The UC San Diego RFIC chip could lead to less expensive imagers for detecting concealed weapons.

Electrical engineers from the University of California, San Diego are using W-Band silicon-germanium (SiGe) radio frequency integrated circuits (RFICs) for passive millimeter-wave imaging. The resulting imaging systems would identify concealed weapons, help helicopters land during dust storms, and enable high-frequency data communications.

The new millimeter-wave amplifier system works at the same frequency and follows the same principles as security imaging systems now in use in airports. The new circuit is unique in that it uses standard silicon semiconductor technology, while today’s security imaging systems often rely on expensive gallium arsenide or indium phosphide amplifiers.

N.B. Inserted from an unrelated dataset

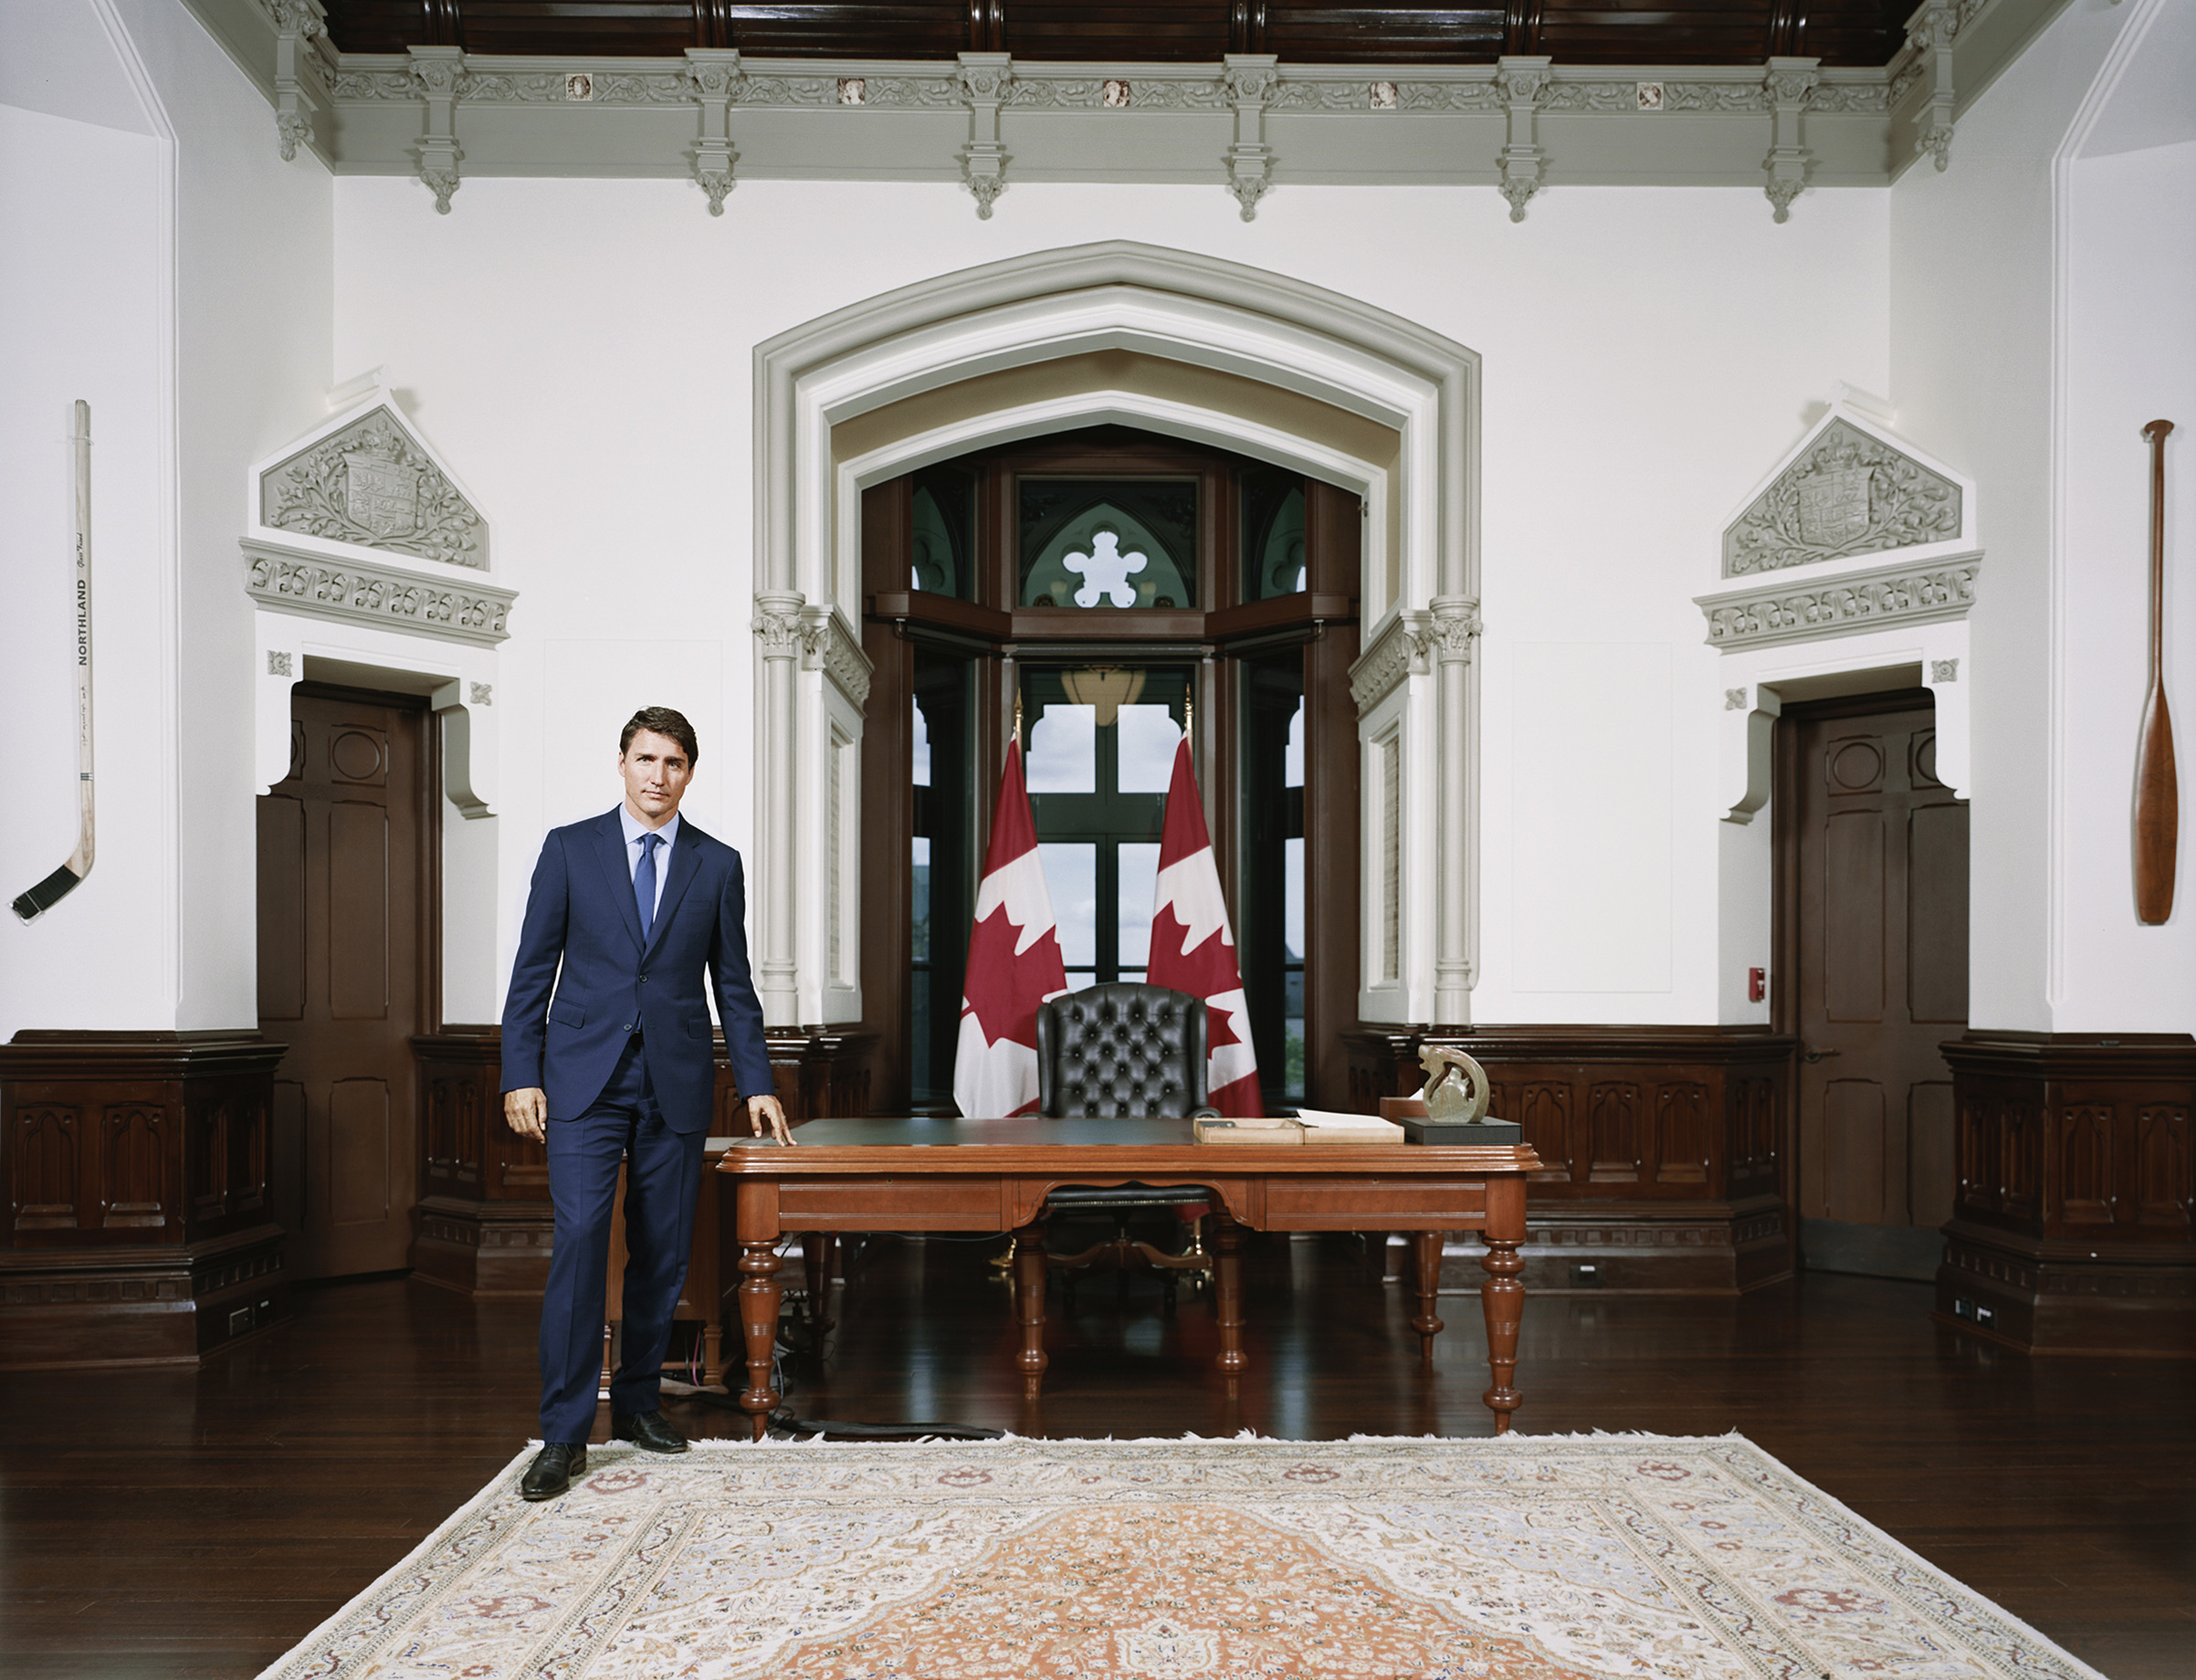 Canadian Prime Minister Justin Trudeau. "The Reckoning," Oct. 7 issue. (Stefan Ruiz for TIME)

The circuit includes an antenna that can be used to capture radiation in the millimeter-wave frequency emitted from the human body and from objects under a person’s clothing. This radiation passes through clothing largely or completely unaffected. Imagers operating at millimeter waves are particularly useful because they can resolve images down to a millimeter scale, fine enough detail to identify small objects and separate items on a person’s body. Using signal processing, these kinds of scanners can put together a temperature map of a person’s body that includes any objects underneath the clothing.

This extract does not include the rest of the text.